Some thrills, some chills, but tepid overall.



An American doctor finds her roots, and more, in Siberia.

Saldana Tarasova, a dancer in a Russian company visiting the U.S. on a cultural exchange, presents herself in surgeon Natalie March's Washington, D.C., waiting room with an extraordinary claim: She and Natalie are cousins. Natalie believes her mother, Vera, to be the only surviving child of Katarina Melnikova, who was sent to the gulag in 1949 and is presumed dead. But Saldana reveals that Vera managed to escape into the Siberian wilderness and raise a second daughter, Lena, who is the mother of Saldana and her older brother, Mikhail. Once all the connections are established, Saldana puts Natalie in a bind by asking for her help in defecting. Natalie is stuffily reluctant, and Saldana returns to New York City, where her company is dancing.
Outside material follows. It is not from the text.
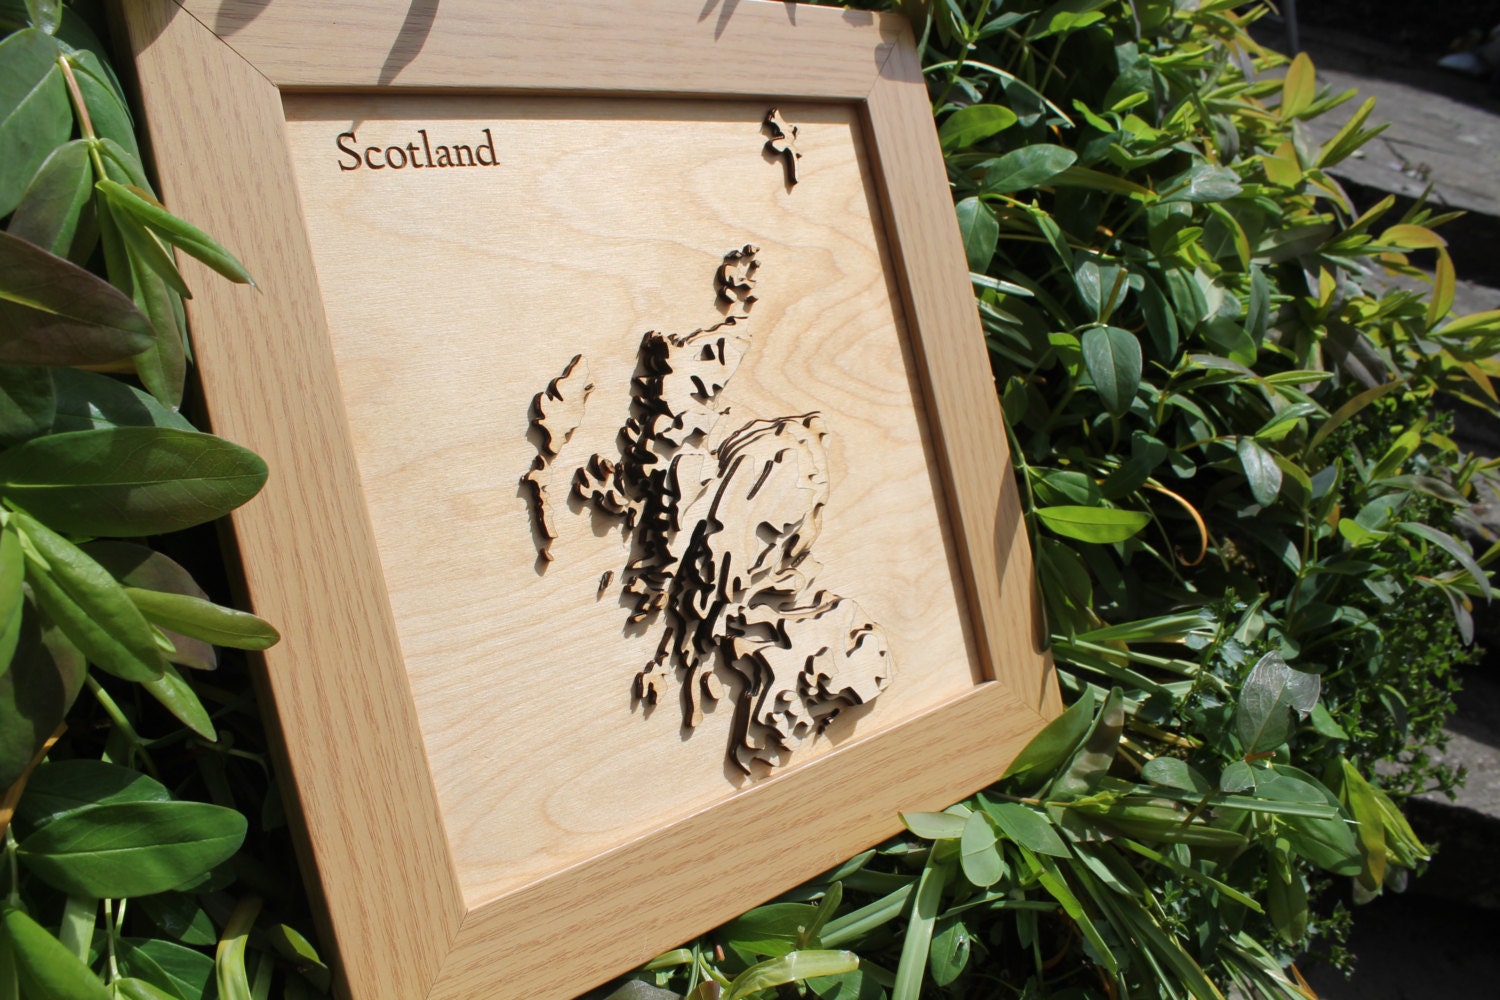 3D Scotland Map - Wooden Topographical Map - Scotland Map - Wooden Contour Map

The next day Saldana is dead, killed in her hotel room. There follow some confusing interviews by various enforcement agencies; eventually, at the urging of her mother, who is not well enough to travel, Natalie decides to travel to Siberia to meet her grandmother, her aunt, and her other cousin, beginning a journey to self-discovery. Natalie's aunt Lena has left Yakutsk, and her cousin Mikhail has disappeared. Natalie is recruited by the CIA to find out what she can about Mikhail and his associates, and though she fails to find him, sure enough his associates are up to no good. Having done the CIA's bidding, Natalie is trundled off to the airport to head home, but in a flash of independence she decides to try to locate her family on her own. Much of what ensues strains credulity, though some of her adventures are in themselves quite rewarding and some of the descriptions of Siberia, excellently written. Natalie grows, takes chances, even learns to use bad language, but the accumulated disasters and escapes cost others dearly, and Natalie's burgeoning self-awareness seems cheap.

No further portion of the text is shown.